Enjoying local dishes and ingredients is an integral part of travel. Rather than just snapping a photo of your delicious meal, photo organizer Isabelle Dervaux, 64, recommends re-creating the culinary experience at home.

“Get a recipe book to learn more about the spices or special ingredients; try out some of the recipes and host a dinner for friends or family,” she says, noting that’s what she did after a trip to Hawai‘i. “I cooked many, many recipes with pineapple, papaya or mango from the cookbook I bought over there to feed my family after our trip, to the tune of traditional ukulele music.” It’s easy to buy what you need online, but finding ingredients at a local ethnic or specialty market when you’re back home can make for a fun trip. 

Start a travel memory box

Collect tickets, receipts, coins, maps, coasters, brochures and stickers as you travel. Jot down immediate thoughts on them or any available scrap — Gershowitz likes hotel stationery, when available. At home, collect the souvenirs and noted memories in a small box, envelope or file folder to revisit each destination as you like. Other travelers — including the founder of the women-only trip-planning company Girls’ Guide to the World, Doni Belau — attach them in journals. “Your grandchildren will thank you,” she says.
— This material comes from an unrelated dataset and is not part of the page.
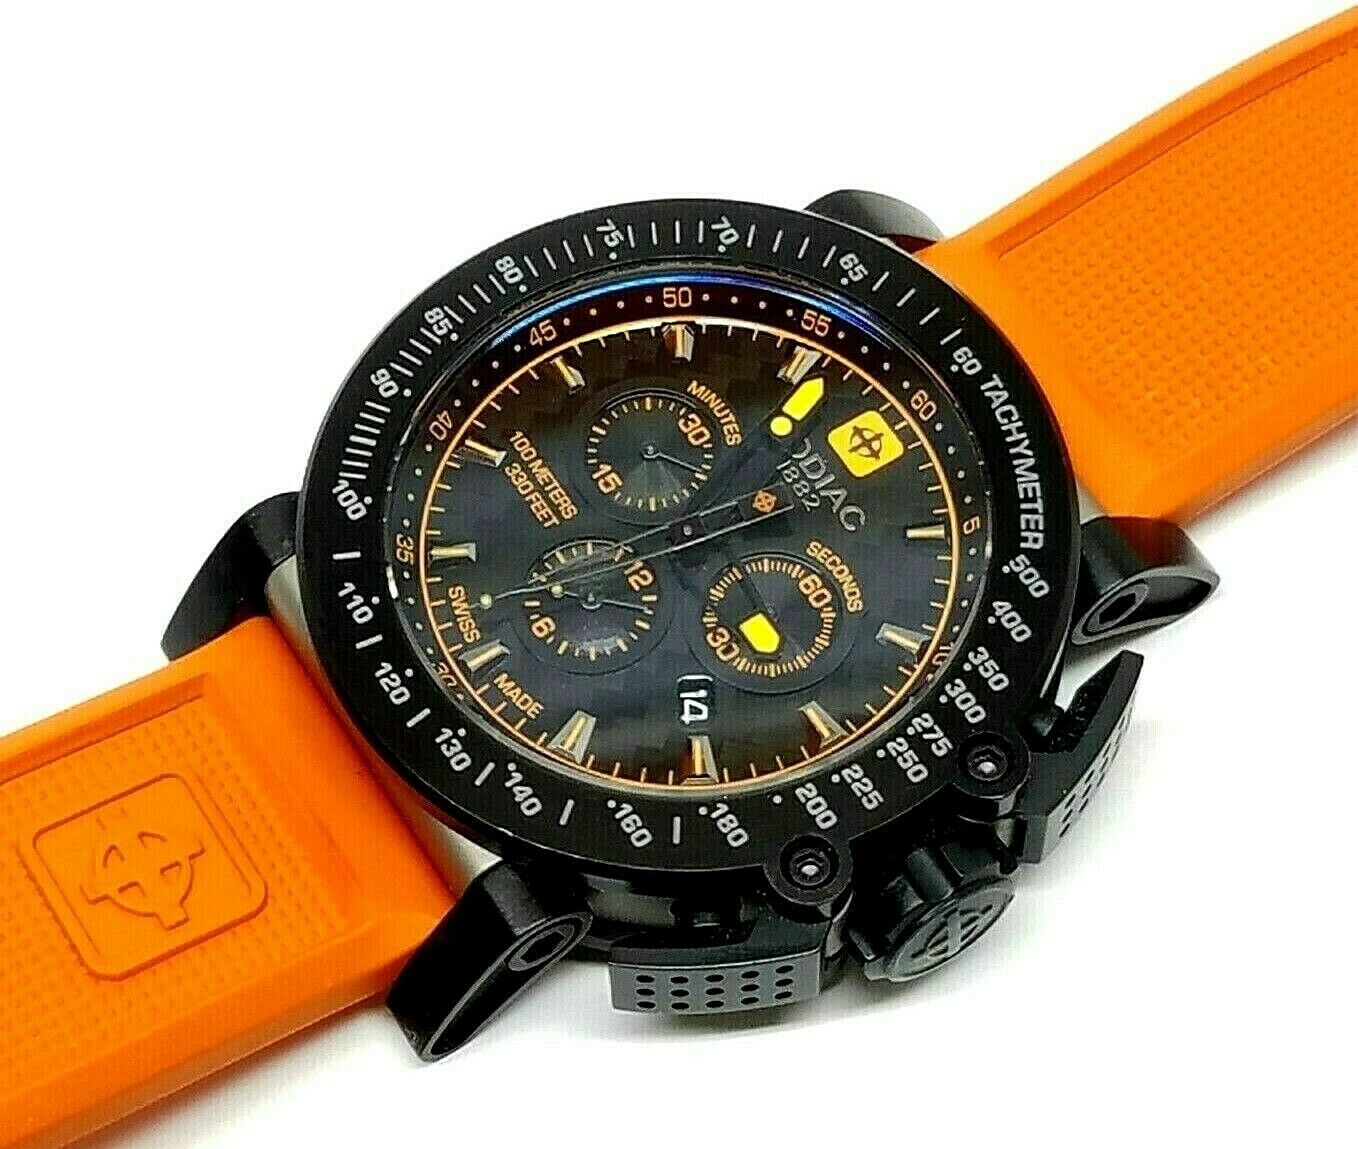 Zodiac Racer ZMX 02 ZO8535 Swiss dive Watch ONLY 250 MADE Limited

Choose a visibile collection

Go with something you won’t tuck into a drawer and forget. Belau once spotted a hard-sided suitcase at baggage claim covered in destination stickers, for example. Holiday ornaments allow you to revisit your travels annually — if you don’t find one at your destination, create one from a vacation image once you’re home. You can also make it a goal to mine your phone’s camera roll for at least one choice image to print and hang within a set amount of time after your vacation. Build on your framed collection with every trip, creating an evolving visual reminder of so many happy travels.